Presiden Palestina: Tindakan Hamas Tak Merepresentasikan Rakyat Palestina

Timur Tengah | 16 Oct 2023 | 08:43 WIB
Presiden Palestina: Tindakan Hamas Tak Merepresentasikan Rakyat Palestina
Presiden Palestina Mahmud Abbas bertemu dengan Presiden Tiongkok Xi Jinping di ibu kota Arab Saudi, Riyadh.

Uwrite.id - Senin, 16 Oktober 2023, dalam sebuah pernyataan resmi yang dikutip oleh Reuters dari WAFA News, Presiden Palestina Mahmoud Abbas mengungkapkan sikap tegasnya terkait tindakan faksi Hamas di Jalur Gaza. Abbas menegaskan bahwa tindakan dan kebijakan Hamas tidak mencerminkan pandangan dan aspirasi rakyat Palestina.

Pernyataan ini disampaikan oleh Abbas saat ia sedang berbicara melalui sambungan telepon dengan Presiden Venezuela, Nicolas Maduro. Dalam percakapan tersebut, Abbas juga menjadikan Organisasi Pembebasan Palestina (PLO) sebagai "satu-satunya perwakilan sah rakyat Palestina."

Meskipun demikian, Abbas menekankan pentingnya menghentikan serangan sporadis Israel di Jalur Gaza yang telah terjadi sejak 7 Oktober lalu. Serangan-serangan ini dianggap sebagai upaya untuk 'memburu' atau 'membalas' milisi Hamas. Abbas meminta agar serangan tersebut segera dihentikan.

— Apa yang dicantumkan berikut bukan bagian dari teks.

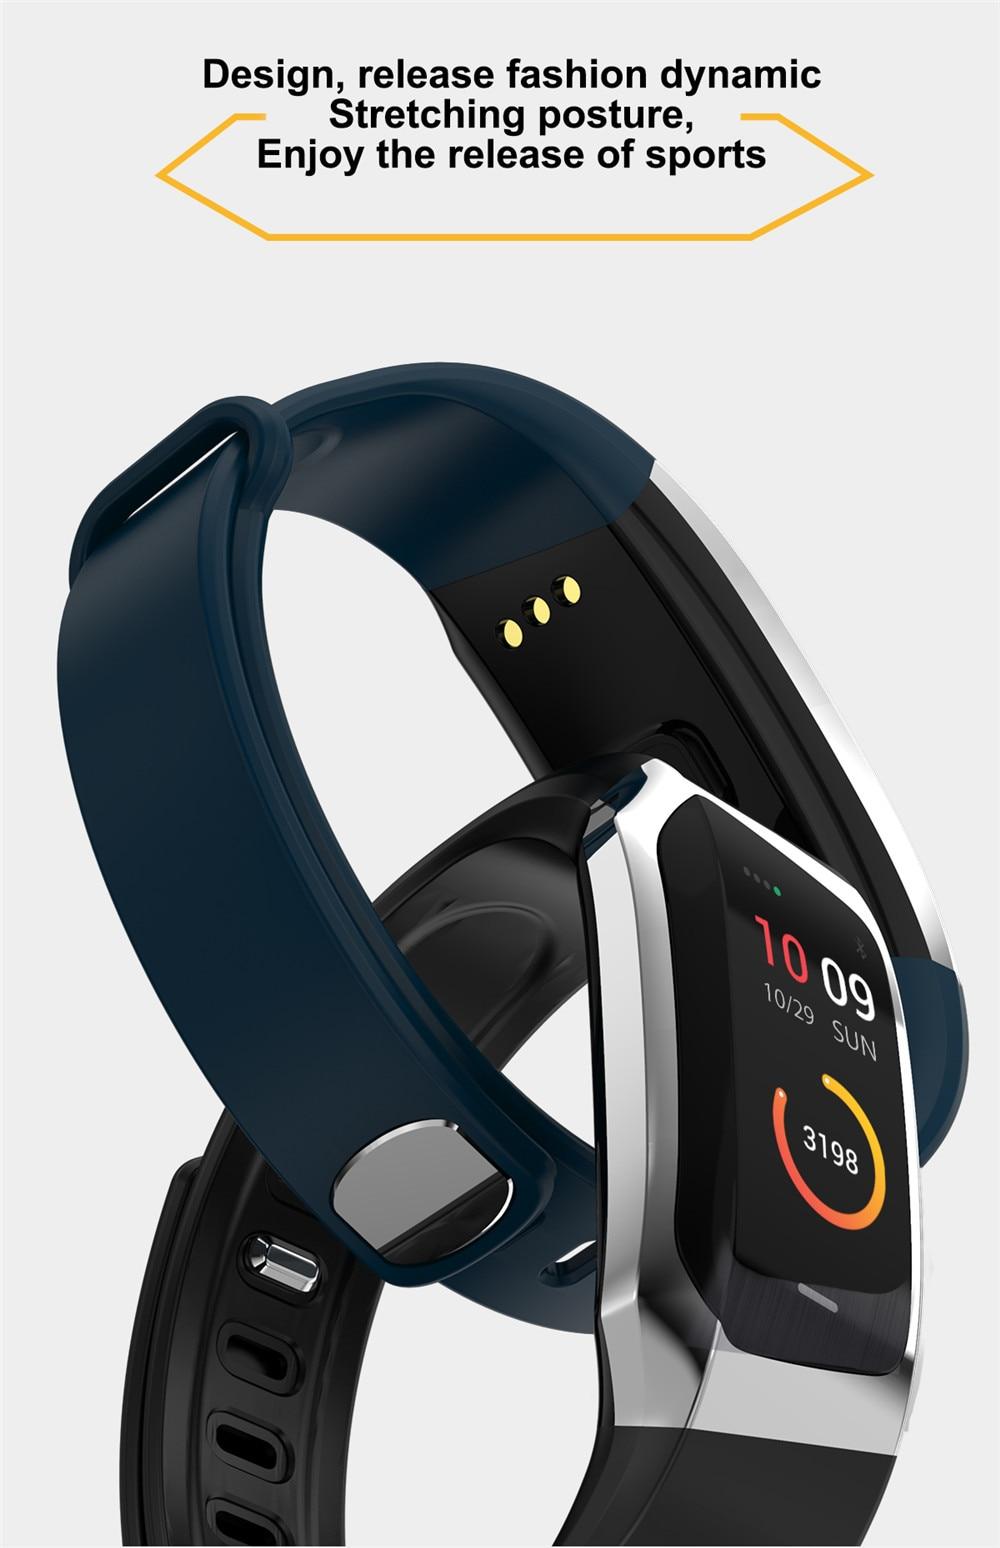 HTB1QKiTdjfguuRjSspaq6yXVXXaB Greentiger E18 Smart Bracelet Blood Pressure Heart Rate Monitor Fitness Tracker smart watch IP67 Waterproof camera Sports Band

Pernyataan serupa juga telah disampaikan oleh Abbas dalam pembicaraan telepon dengan Presiden Amerika Serikat, Joe Biden, pada Sabtu, 14 Oktober 2023. Abbas menegaskan kepada Biden bahwa perdamaian dan keamanan di wilayah tersebut hanya dapat tercapai melalui penerapan solusi dua negara berdasarkan resolusi legitimasi internasional. Untuk mencapai tujuan tersebut, Abbas menekankan perlunya menghentikan semua serangan dan menghormati hukum kemanusiaan internasional yang berkaitan dengan situasi di Jalur Gaza.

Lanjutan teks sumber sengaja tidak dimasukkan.